Así que bajamos los dos silenciosamente, con un temor por una parte justificado y por otra debido solo al misterio de las primeras horas de la madrugada. Volvieron a llamar un poco más fuerte. Al llegar a la puerta, cautelosamente corrí el cerrojo y abrí de par en par. Al mostrarnos la luz de la luna la figura que teníamos delante, West hizo algo muy raro. A pesar del indiscutible peligro de atraer sobre nuestras cabezas una temida investigación policial (cosa que afortunadamente evitamos por el relativo aislamiento de nuestra casa), mi amigo, repentina, agitada e innecesariamente, disparó las seis recámaras de su revólver sobre nuestro nocturno visitante, porque no se trataba del italiano ni del policía. Dibujándose horriblemente contra la luna espectral había un ser gigantesco y deforme, inimaginable salvo en las pesadillas. Era una aparición de ojos vidriosos, negra, y casi a cuatro patas, cubierta de hojas y ramas y barro, y sucia de sangre coagulada, la cual exhibía entre sus dientes relucientes una cosa cilíndrica, terrible, blanca como la nieve, que terminaba en una pequeña mano.

Reanimador 4: El grito del muerto

Lo que me hizo concebir aquel intenso terror hacia el doctor Herbert West fue el alarido de un muerto, terror que empañó los últimos años de nuestra vida en común. Es normal que algo como el grito de un muerto produzca pánico, ya que evidentemente, no se trata de un hecho agradable ni normal. Pero yo estaba habituado a este tipo de experiencias, por lo que, en esta ocasión, me afectó una cierta situación en particular. Es decir, lo que me asustó no fue el muerto.

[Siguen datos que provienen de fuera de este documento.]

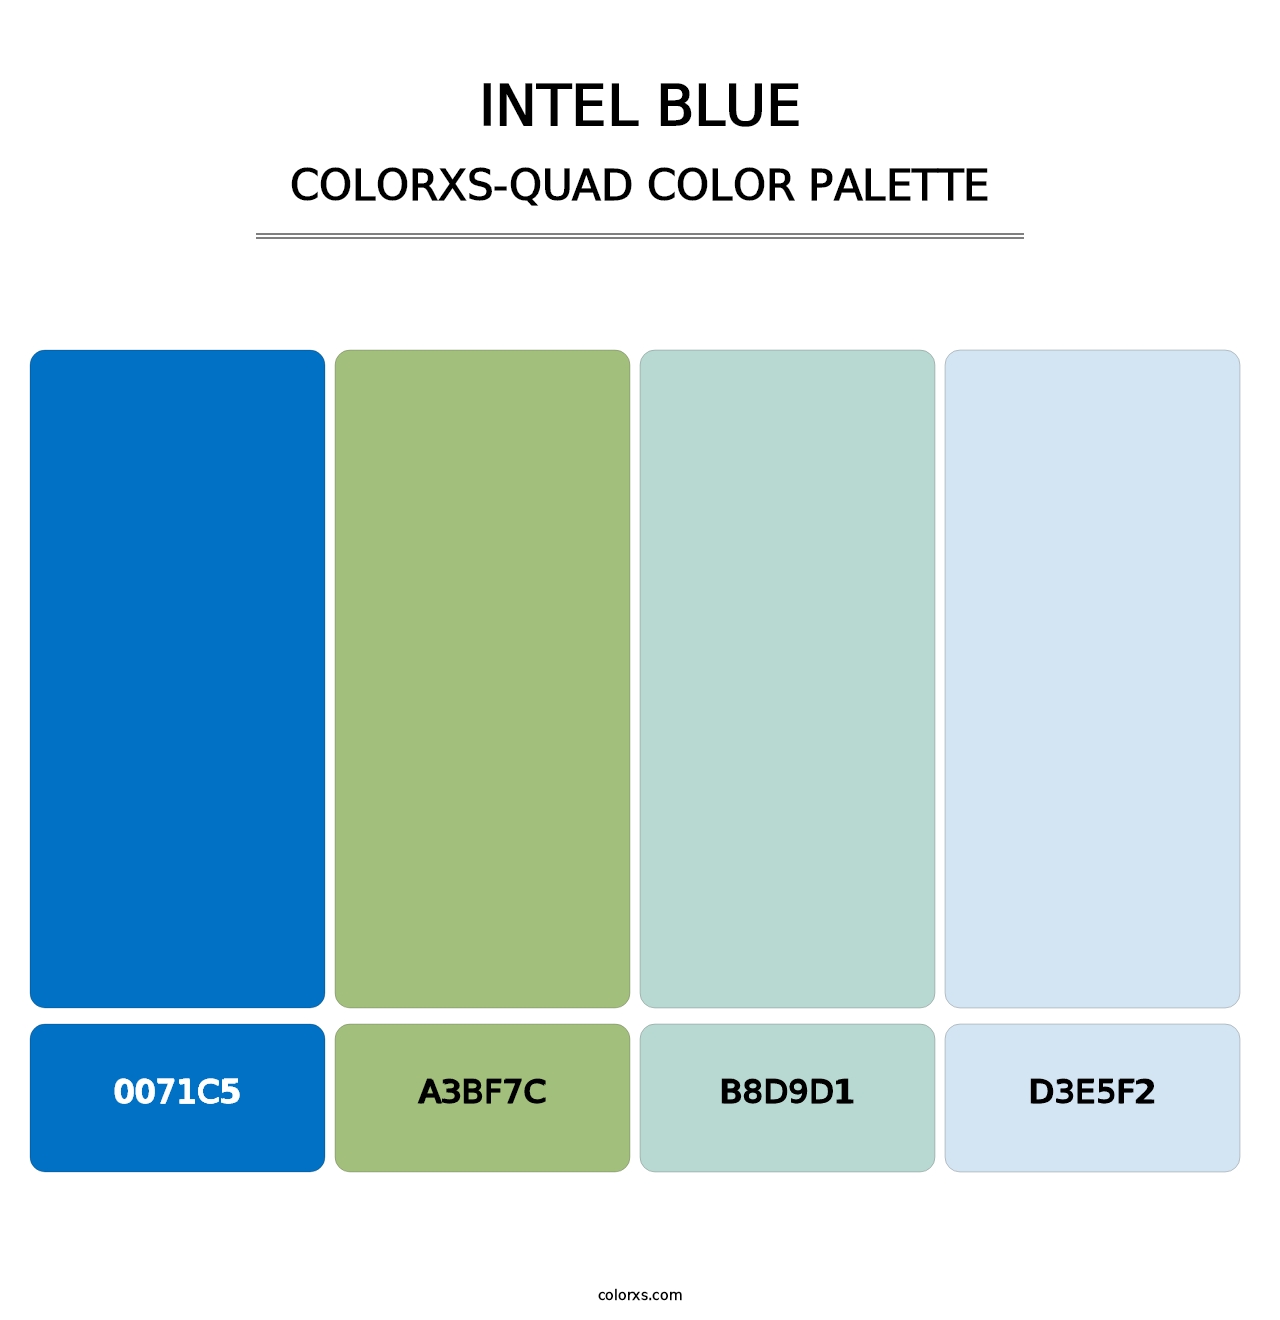 Intel Blue - Colorxs Quad Palette

Yo era el compañero y ayudante de Herbert West, quien tenía intereses científicos muy alejados de la rutina tradicional de un médico de pueblo. Esa era la causa por la que, al establecer su consulta en Bolton, habíamos escogido una casa cercana al cementerio. Dicho brevemente y sin atenuantes, el único estudio fascinante para West residía en el estudio secreto de los fenómenos de la vida y de su culminación, y estaban orientados a reanimar a los muertos inyectándoles una solución vivificante. Para realizar estos macabros experimentos era preciso estar permanentemente provistos de cadáveres humanos muy frescos, porque la más minúscula descomposición inutiliza la estructura del cerebro humano. Y descubrimos que la sustancia necesitaba una composición específica, de acuerdo a los diferentes tipos de organismos. Matamos docenas de conejos y cobayas para experimentar, pero estas pruebas no nos llevaron a ninguna parte. West nunca había conseguido su objetivo completamente porque nunca había podido obtener un cadáver suficientemente fresco. Necesitaba cuerpos cuya vida hubiera cesado muy poco tiempo antes, cuerpos con todas sus células intactas, capaces de recibir de nuevo el impulso hacia esa forma de agitación llamada vida. Mediante repetidas inyecciones, surgían esperanzas de hacer eterna esta segunda vida artificial, pero habíamos investigado que la vida natural ordinaria no respondía a esta acción. Para infundir la vida artificial, la vida nocturna debía quedar extinguida. Los cuerpos debían ser muy frescos, pero estar verdaderamente muertos.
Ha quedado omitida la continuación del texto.